Das UNPOP-Ensemble zeigt derzeit das Stück "Fairycoin" im Theater Kosmos. (Foto: Caro Stark)
Gunnar Landsgesell · 17. Apr 2014 · Film

The Amazing Spider-Man 2: Rise of Electro

140 Filmminuten bieten viel Raum für den Menschen hinter der Spinne. Peter Parker bekommt es mit einem Gegner zu tun, der mächtiger ist als er - und mit einer Beziehung, die er nicht ganz so gut handeln kann. Teil 2 der Neuauflage des Franchise bietet einen austarierten Mix aus Privatheit, Kampf und Fun.

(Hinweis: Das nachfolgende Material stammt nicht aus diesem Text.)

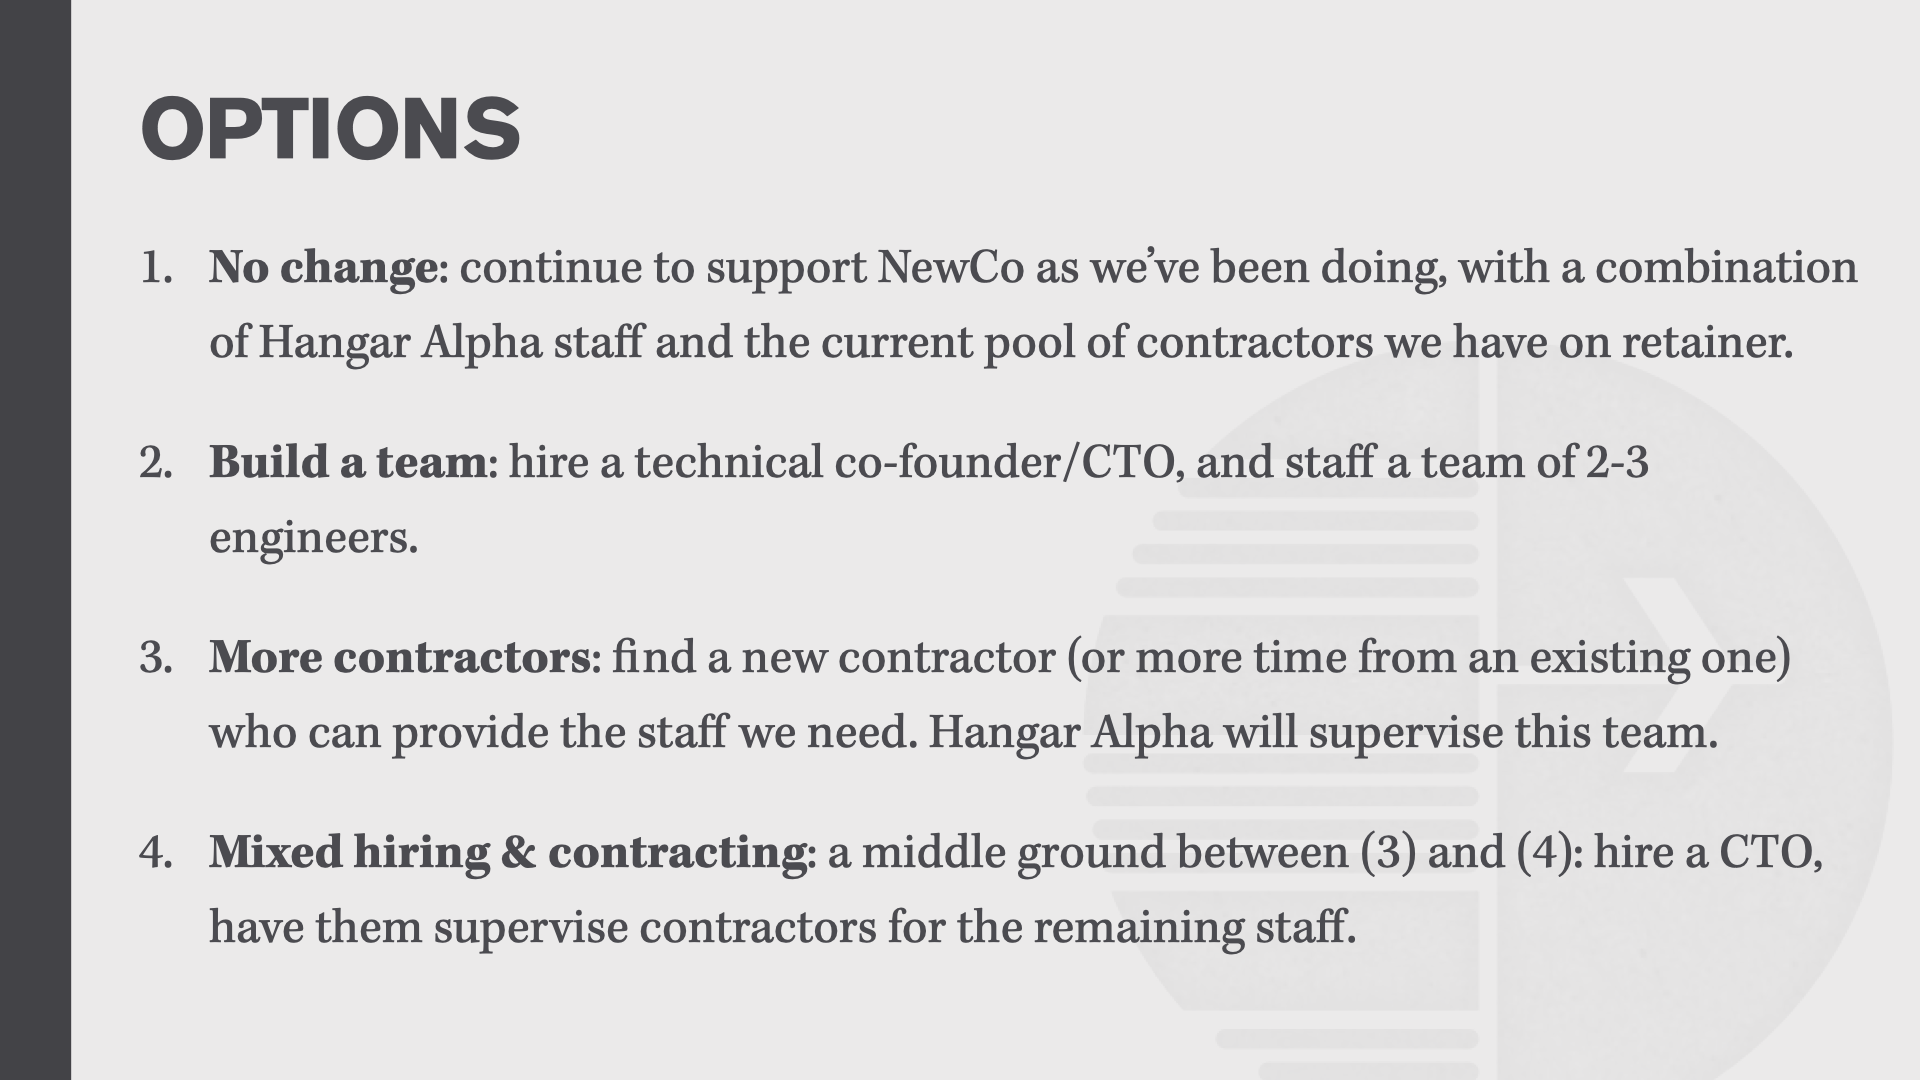 OPTIONS: (1) No change; (2) build a team; (3) more contractors; (4) mixed hiring & contractors
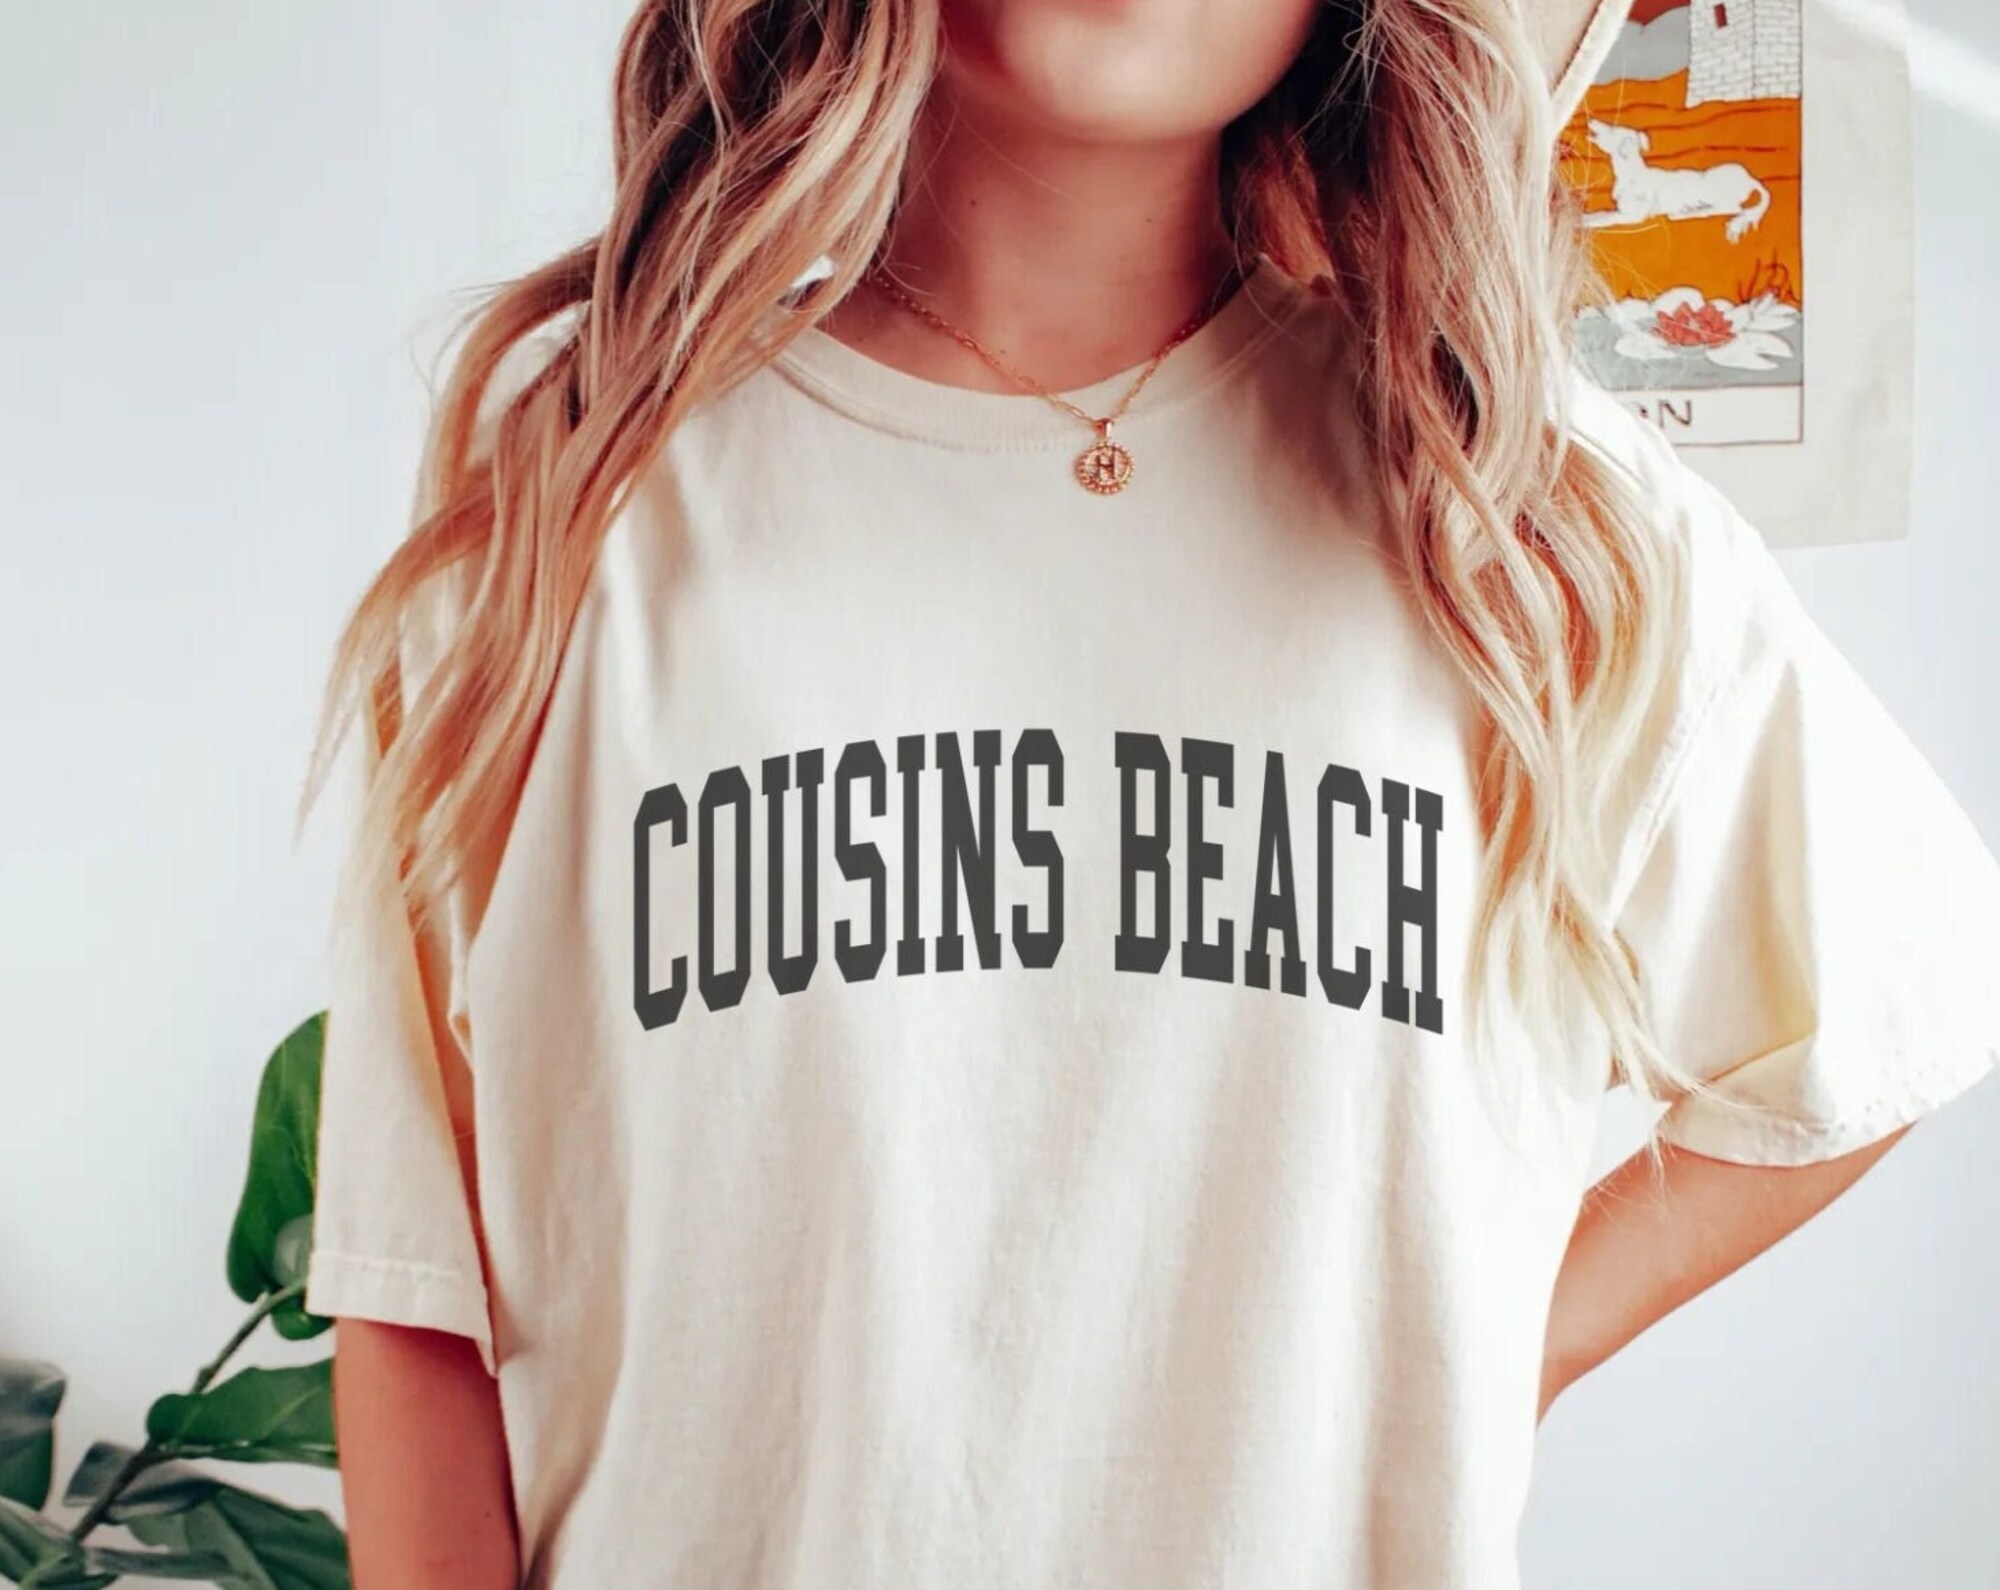 Discover Cousins Beach, Cousins Beach Shirt, Cousins Beach Tshirt

„The Amazing Spider-Man 2: Rise of Electro“ zapft gleich mehrfach zivilisatorische Ängste unserer Zeit an: großflächige Stromausfälle (man denke an New York vor wenigen Jahren) oder die "unheimliche" Macht der Konzerne, die sich hier in Gestalt des Unternehmens Oscorp präsentiert, die an Techniken arbeiten, die den Menschen aus seiner Illusion der Handlungsfähigkeit reisst und mit Ohnmachtsbildern konfrontiert. Peter Parker, im jüngsten Franchise des Comics noch einen Schritt sensibler-zerbrechlicher von Andrew Garfield dargestellt, bekommt es nunmehr mit einem übermächtigen Gegner zu tun. Dessen nahezu gewaltsamer Schöpfungsakt aus reiner Energie (an die Stromblitze gemahnend, mit denen Frankenstein sein Monster einst zum Leben erweckt hat) lassen Peter Parkers ursächlich erlittenen Spinnenbiss als vergleichsweise schlichte Superhelden-Initiation erscheinen. Damit verschärft sich auch das ewige Malheur des Spider-Man, einen unbedankten Kampf gegen die Wurzeln des Bösen in der Stadt zu führen und dafür regelmäßig selbst ins Zwielicht zu geraten. Ist der urbane Wächter Spider-Man zu mächtig, oder: Schützt er uns zu wenig?, ist das Spannungsfeld, in dem sich Parker aus Sicht der Stadtbewohner seit jeher bewegt.
Aus dieser schwelenden Unsicherheit der Zivilgesellschaft fügt Marc Webb, der erneut Regie führt, eine weitere, private hinzu. Der Einzelgänger Peter Parker sieht sich einmal mehr genötigt, den Fragen über seine eigene im Dunkel liegende Familiengeschichte nachzuspüren. Eine Episode, die als Zeitreise in - sehr spinnenwürdig - einen aufgelassenen U-Bahnschacht gestaltet ist: der Superheld wird darin sehr unmittelbar mit der Frage nach dem eigenen Ich konfrontiert, er begegnet sich selbst, als Kind und damit als Mensch. Allerdings, die Reise ins Unbewußte, Verschüttete, in die Eingeweide der Stadt, wird nicht zur psychoanalytischen Selbstbefragung ausgeweitet, auch wenn sich tief unten ein drängendes Rätsel auflösen lässt.

State of the Art

Die Überschreitung der Grenzen visueller Darstellungsweisen wie auch der Problematik limitierter Möglichkeiten gegenüber exorbitanten Mächten ist gewissermaßen Pflicht für jede neue Ausgabe im Superheldengewerbe. Es scheint, als würde „Spider-Man 2“ eine Sortierung dieser Vorgaben suchen. Das Schwingen an den abgeschossenen Spinnenfäden durch die Stadt, dessen ästhetische Auflösungen teils an Fun-Sportarten wie Bungee-Jumping erinnern, folgt dem Feelgood-Auftrag des Projekts, während die Actionszenen in konzentrierten Blöcken dazu angetan sind, den Leistungsschaugedanken des Genres einzulösen. Das Zwischendrin ist mit Affektbildern und Privatheit aufgefüllt, Peter Parker und seine problematisierte Beziehung zu Freundin Gwen (Emma Stone) werden fast schon mit  melodramatischen Anklängen einer unmöglichen Liebe aufgeführt. Für ein Mega-Franchise wie dieses (und dessen limitierte Wagnisse, reproduzierte Affekte und Atmosphären) entspricht das wohl einem state of the art und hat einen gewissen Reiz. Weitere Teile werden somit sicherlich folgen.